RCON (Remote Console)
Section titled “RCON (Remote Console)”RCON allows admins to send console commands to the server over the network, without direct access to the server’s terminal.
If you want to support remote administration, implementing a basic RCON protocol gives hosting platforms the ability to build admin UIs that issue commands on behalf of server owners. Valve’s Source RCON protocol is widely supported by existing tools, but any TCP-based command protocol works.
RCON should be:
- Disabled by default
- Password-protected
- On a configurable port
- Rate-limited to prevent abuse
Avoid TTYs or Custom Console Implementations
Section titled “Avoid TTYs or Custom Console Implementations”Some engines provide a built-in console window or TTY interface. This can be useful for local development, but it is not suitable for production servers running in headless environments. If your engine has a built-in console, make sure it also supports writing to STDOUT and reading from STDIN so that hosting platforms can interact with it.
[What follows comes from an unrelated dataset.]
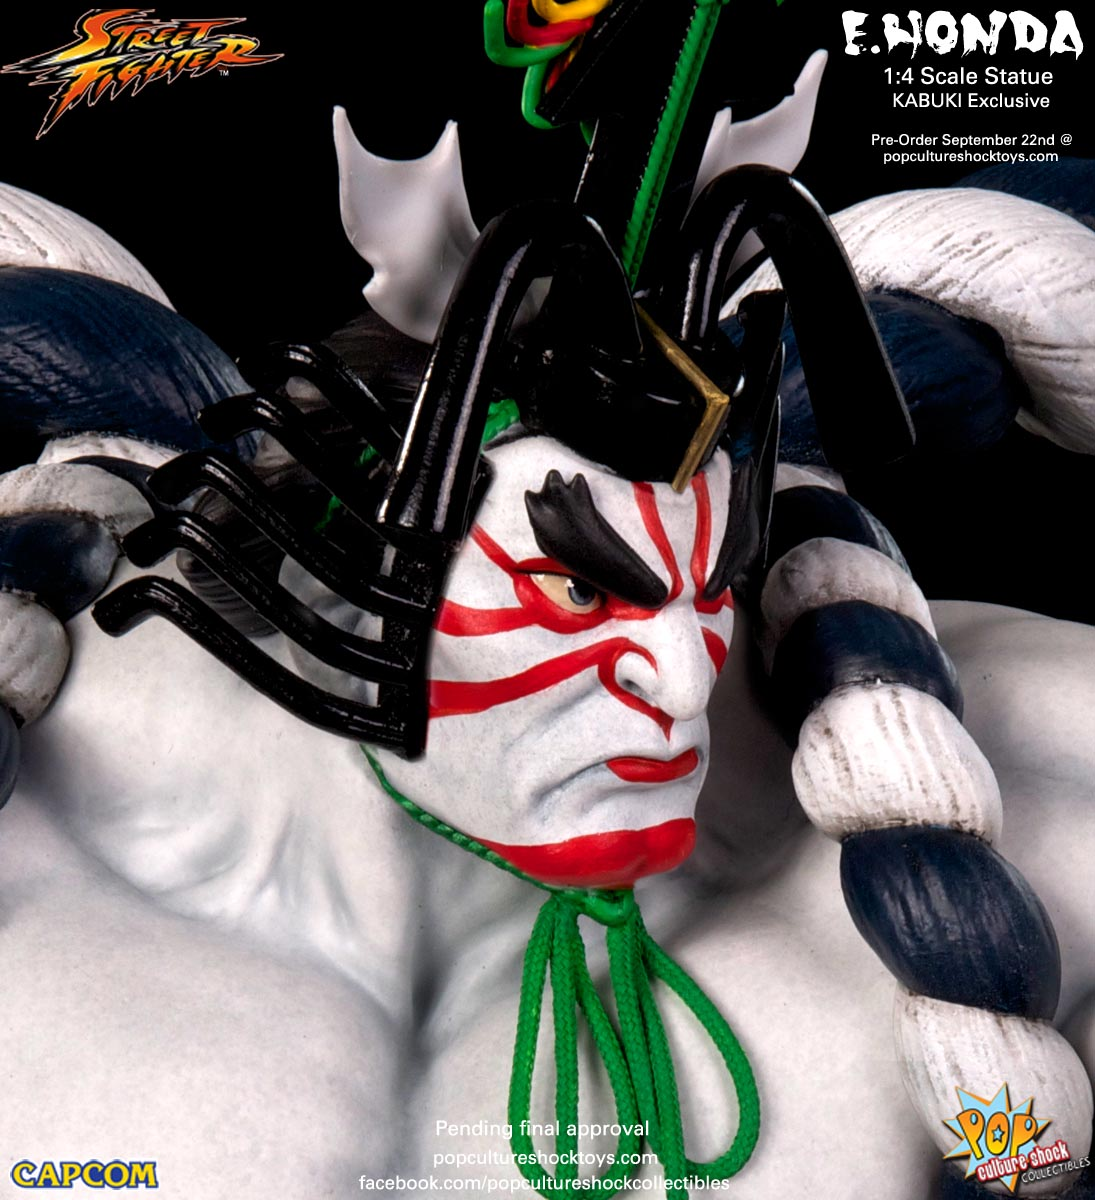 [Pop Culture Shock] Street Fighter: E. Honda 1/4 Statue - Página 3 Street-Fighter-E.-Honda-Kabuki-Statue-020

Do not rely solely on a custom console implementation that may not work in all environments.
If you must use a custom console for development, consider adding a “batch mode” that bypasses the custom console and uses standard input/output instead via a -batchmode option or similar. This gives you the best of both worlds: a rich console experience during development and a compatible interface for hosting platforms in production. STDOUT/STDERR streams should not be littered with ANSI escapes or cursor control codes that make them unreadable by log parsers.